Limitations and When Not to Use This
The paper evaluates only on Japanese equities, leaving open questions about generalization to other asset classes (crypto, bonds, FX), markets with different liquidity profiles, or non-English financial text—multilingual fine-tuning and domain adaptation are not addressed. The abstract does not specify which LLM backbone was used (GPT-4, Llama, proprietary), so reproducibility and cost estimates are unclear; the approach may be sensitive to model choice in ways that aren't discussed. The leakage-controlled backtesting prevents data snooping, but the paper doesn't address concept drift in financial markets—agent performance likely degrades over time as market regimes change, and the static task decomposition may not adapt to structural breaks in correlations or volatility patterns.

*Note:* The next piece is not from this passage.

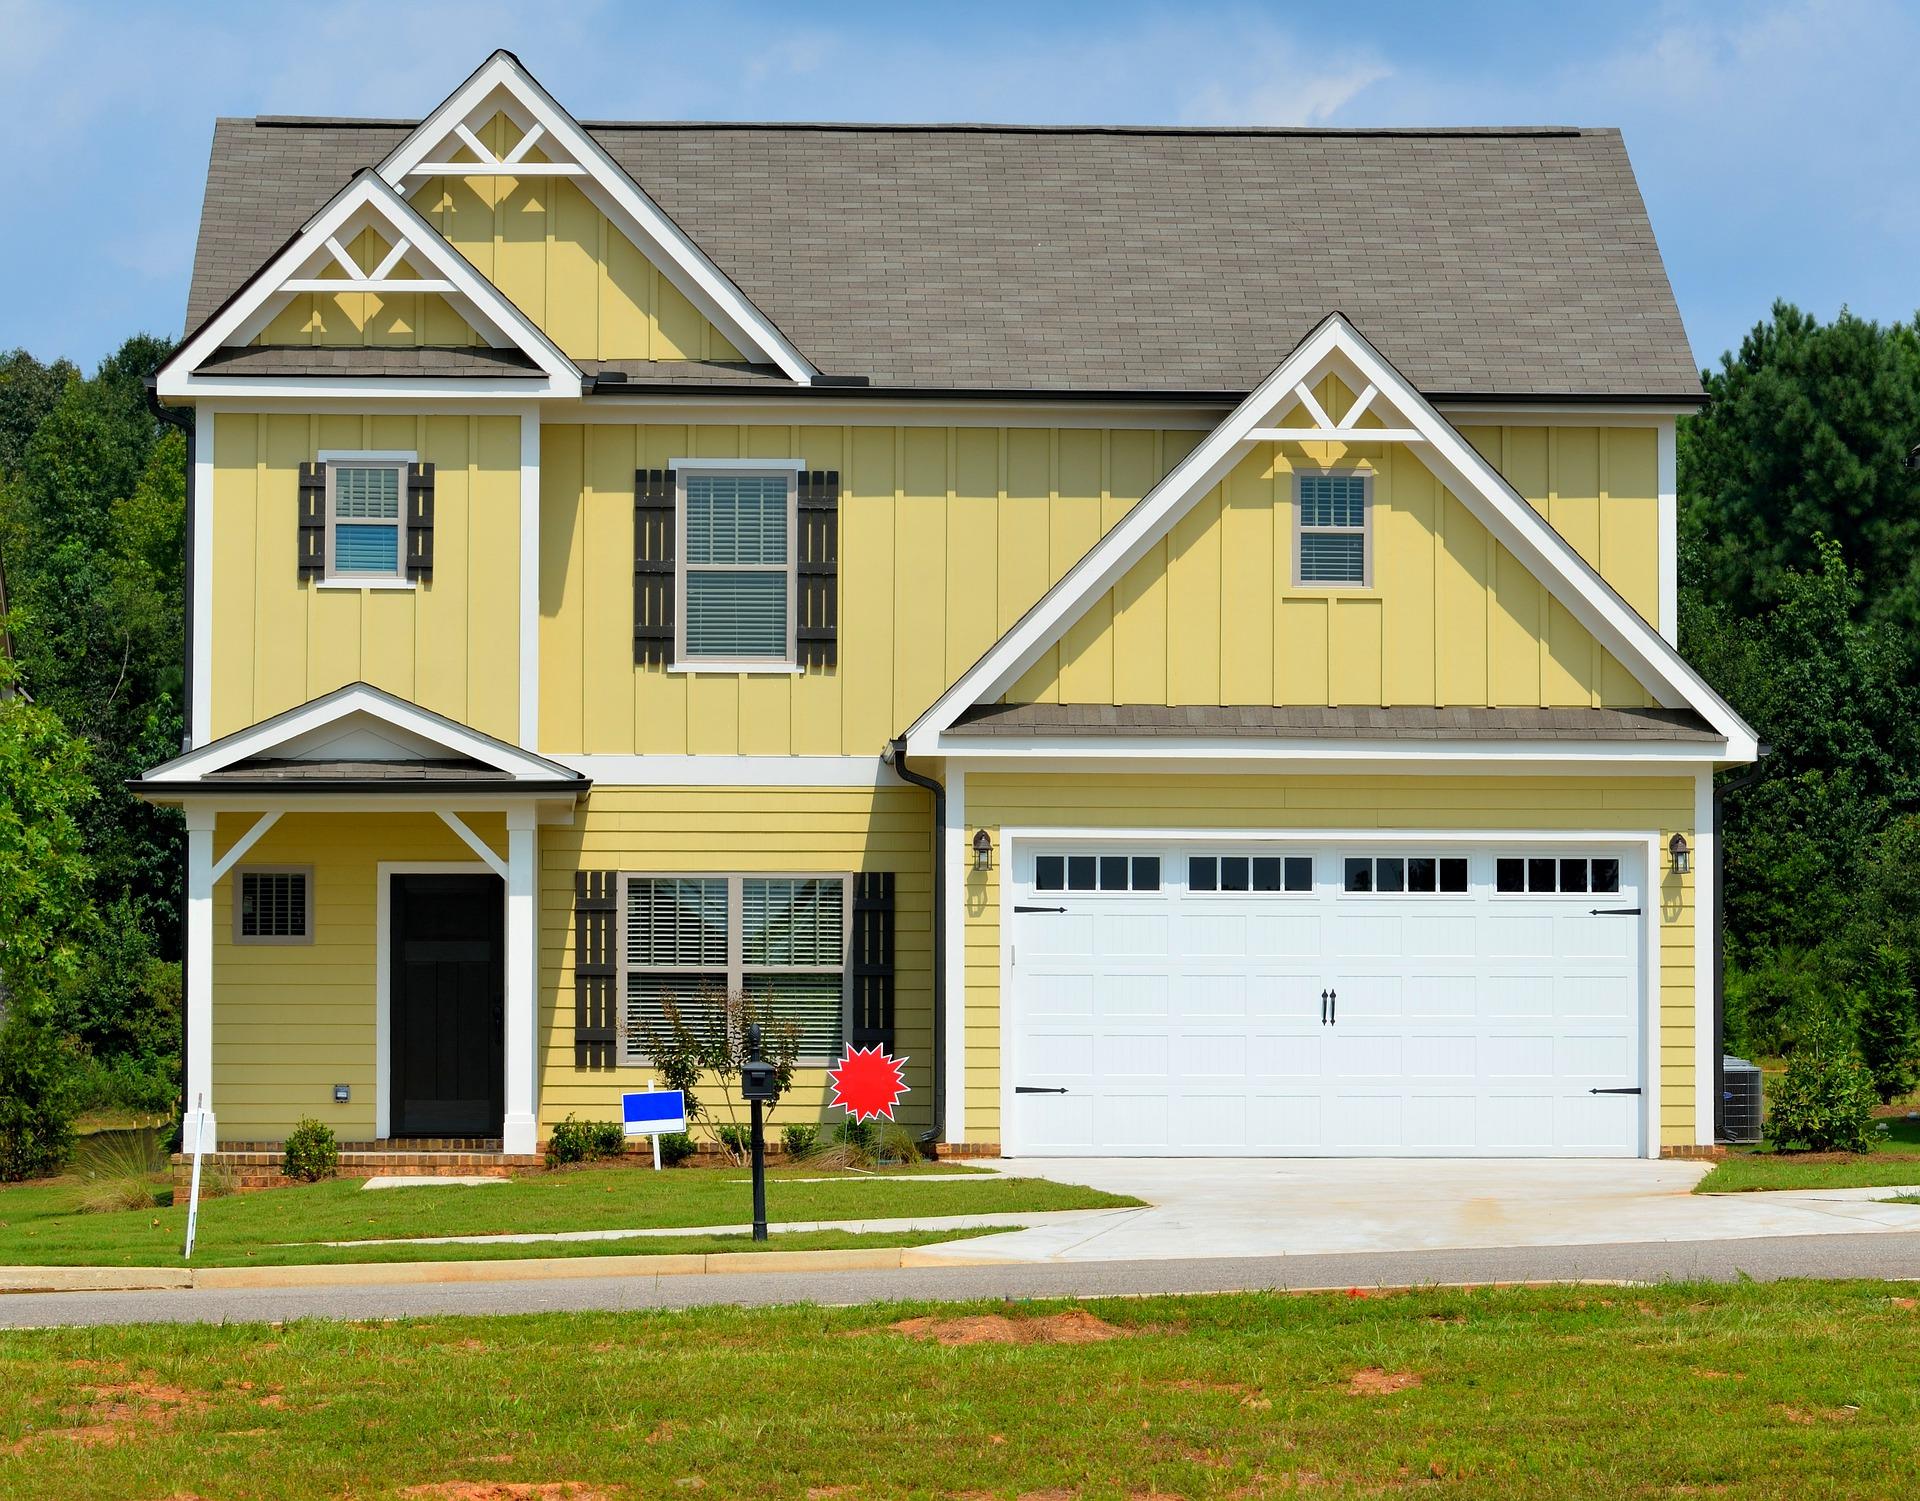 imagenes-de-fachadas-de-casas-pequenas-tradicionales-en-ee-u-3

Finally, the framework assumes access to complete, timely financial data and news feeds; real production systems suffer from data quality issues, delays, and missing values that the paper's idealized setup likely does not encounter.
Research Context
This work builds on the recent wave of multi-agent LLM systems (ReAct, AutoGPT, multi-role agent teams) but specifically targets the financial domain where transparency and fine-grained decision-making are regulatory and practical requirements. It contrasts with and improves upon mainstream financial AI approaches that treat trading as a monolithic policy learned end-to-end or that use simple role templates (analyst-manager) without decomposing workflows into measurable subtasks. The research opens a direction for task-aware agent design: instead of scaling agent capability through scale (bigger models, more in-context examples), decompose the task explicitly and let specialized, smaller agents handle each piece. This connects to broader work on mechanistic interpretability and modular neural systems, suggesting that financial AI and possibly other high-stakes applications benefit from explicit task graphs over end-to-end learned policies.